Quantity and Quality — A Blog Journal on John Locke (Chapter 4)

(Part IX of this series)

Continuing where we left off, Locke’s points in Chapter 4 are rather brief. Beyond reiterating in summary the idea that one’s liberty is maximized by a limited yet right-securing government, which derives its power from the consent of the people, he doesn’t add anything terribly revolutionary here. Today, let’s consider one particular quote:

“[Nobody] can give more power than he has himself; and he that cannot take away his own life, cannot give another power over it. … [N]o man can, by agreement, pass over to another that which he hath not in himself, a power over his own life.”
— John Locke, Second Treatise on Civil Government, Chapter 4

This chapter being named “On Slavery,” we can see that Locke is stating that, in short, self-enslavement is impossible. The logic he uses to arrive at this conclusion is, once again, rather bizarre. He notes that, since freedom from slavery is so fundamental to life, to give the power to enslave oneself to another person is tantamount to terminating one’s own life. Since he starts from the premise that one cannot do the latter, he deduces that no one can self-enslave. Taking this generously — as I cannot believe Locke did not know what suicide is — he is apparently saying that no rational person would end one’s own life, so too would no rational person give oneself to slavery.

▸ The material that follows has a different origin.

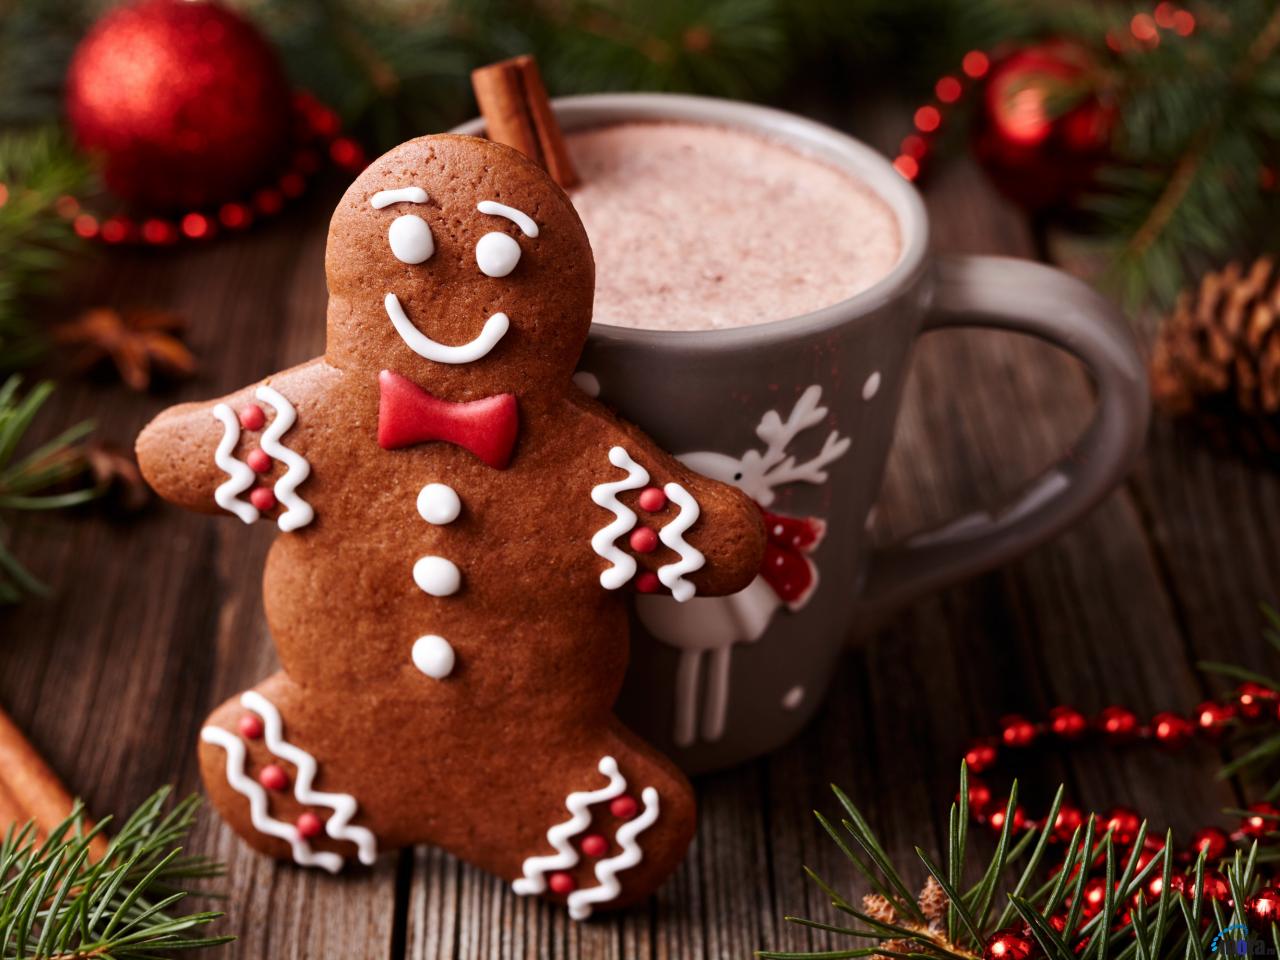 36300 Gingerbread Man Stock Photos Pictures  RoyaltyFree Images   iStock  Gingerbread man vector Gingerbread man cookie Sad gingerbread man

Both of which seem sensible at first impression, but as this blog has probably shown you by now if this isn’t my first post you’ve read, nothing is ever totally uncontroversial upon greater scrutiny. The irrationality of self-enslavement is as close as anything can get to the exception to that. However, what do we make of the former proposition?

Far be it for me to open up the Jack Kevorkian can of worms in this article (that’s a discussion worth addressing in its time; this is not yet such a time), but this matter raises some fairly open questions to chew on: Is the very state of conscious existence valuable in its own right? If so, how valuable? Valuable enough to outweigh considerations of quality of life? Part of the reason the debate over the “right to die” and related matters is so touchy, presumably, is that there are good arguments to be made on either side as to the expectation of future quality of life (or lack thereof). I hope the importance of this easily missed detail of Chapter 4 is clear. Social justice, after all, concerns the joy and suffering of conscious persons, and perhaps if we set aside our biases, we may agree on this much — that sentience provides the potential for an individual to experience a variety of pleasures and pains on a wide spectrum, which can be narrowed or shifted depending on circumstances that it would behoove us to consider, as a responsible society.